:: Your assignment ::
For this exercise, the lines from the one with "Wellsway School" through the final line of the data below are to be transcribed exactly, and pictures are to be skipped.

** Data below follows **

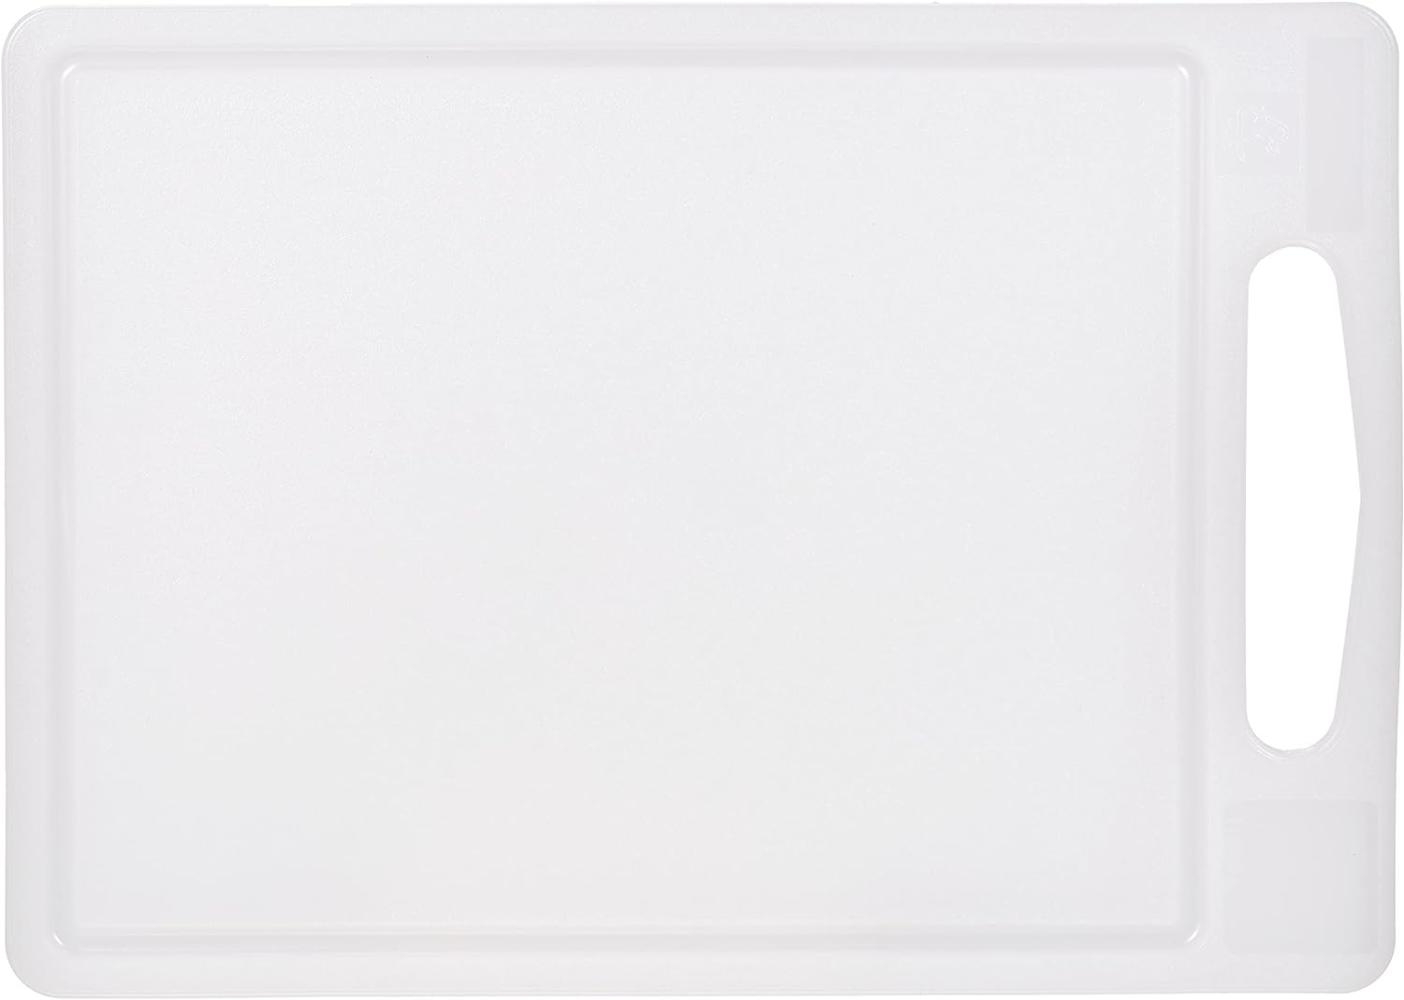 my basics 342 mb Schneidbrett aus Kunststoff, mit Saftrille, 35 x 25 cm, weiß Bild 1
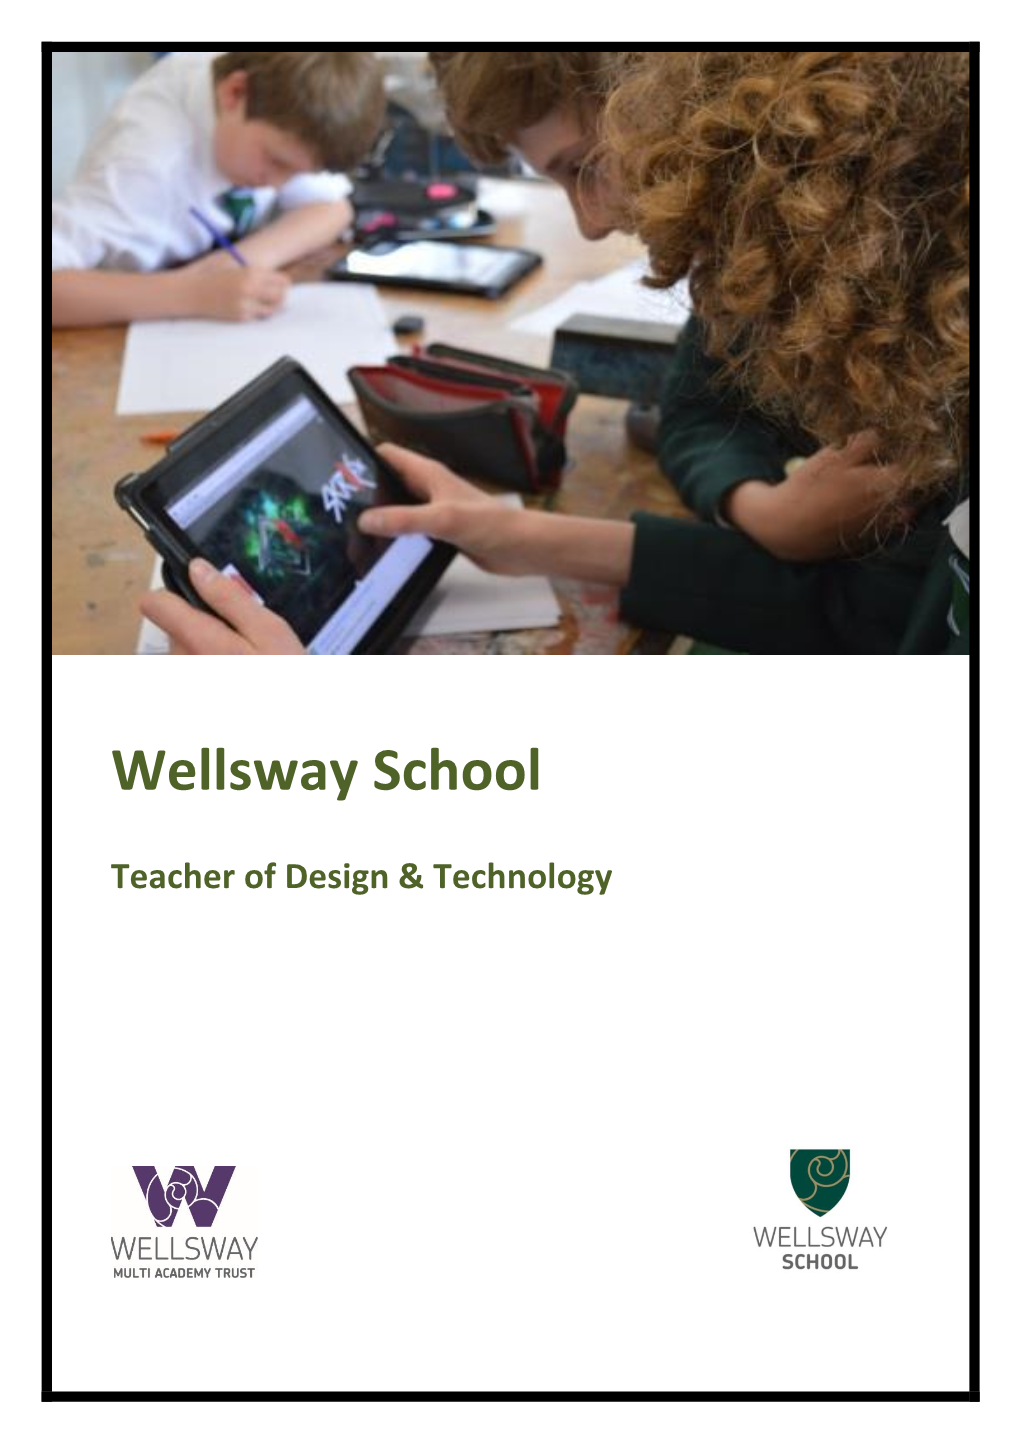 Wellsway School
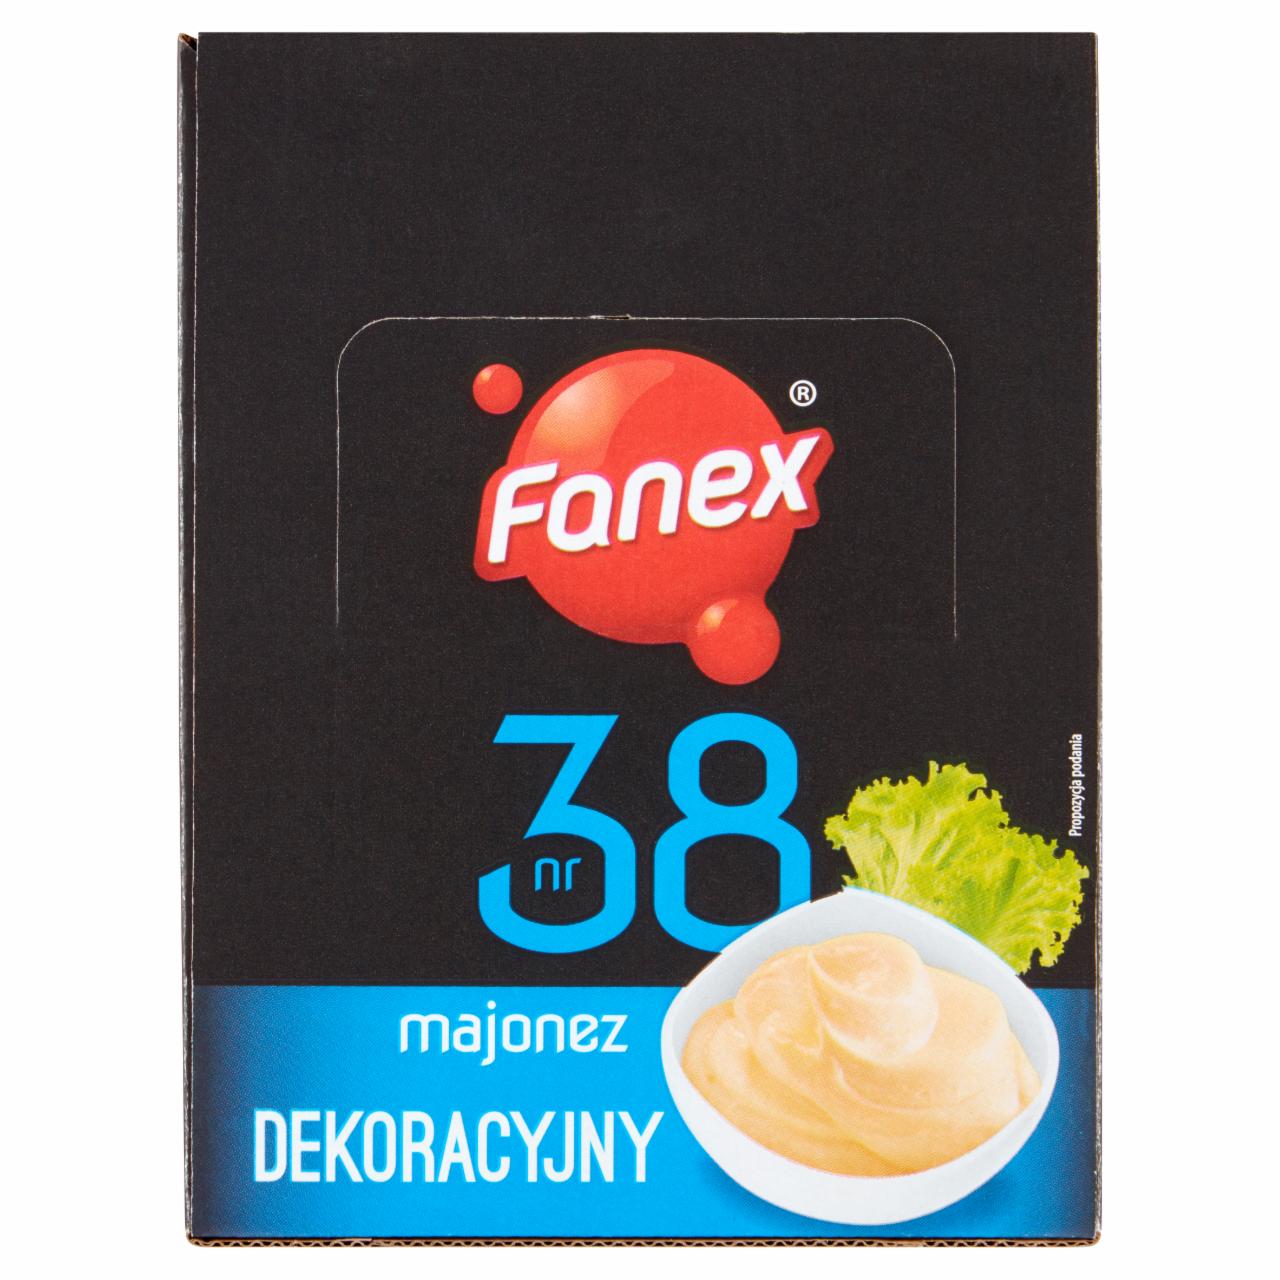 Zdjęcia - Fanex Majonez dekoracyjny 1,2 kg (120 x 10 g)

** End of Data below **

:: Your response ::
 Wellsway School
 Zdjęcia - Fanex Majonez dekoracyjny 1,2 kg (120 x 10 g)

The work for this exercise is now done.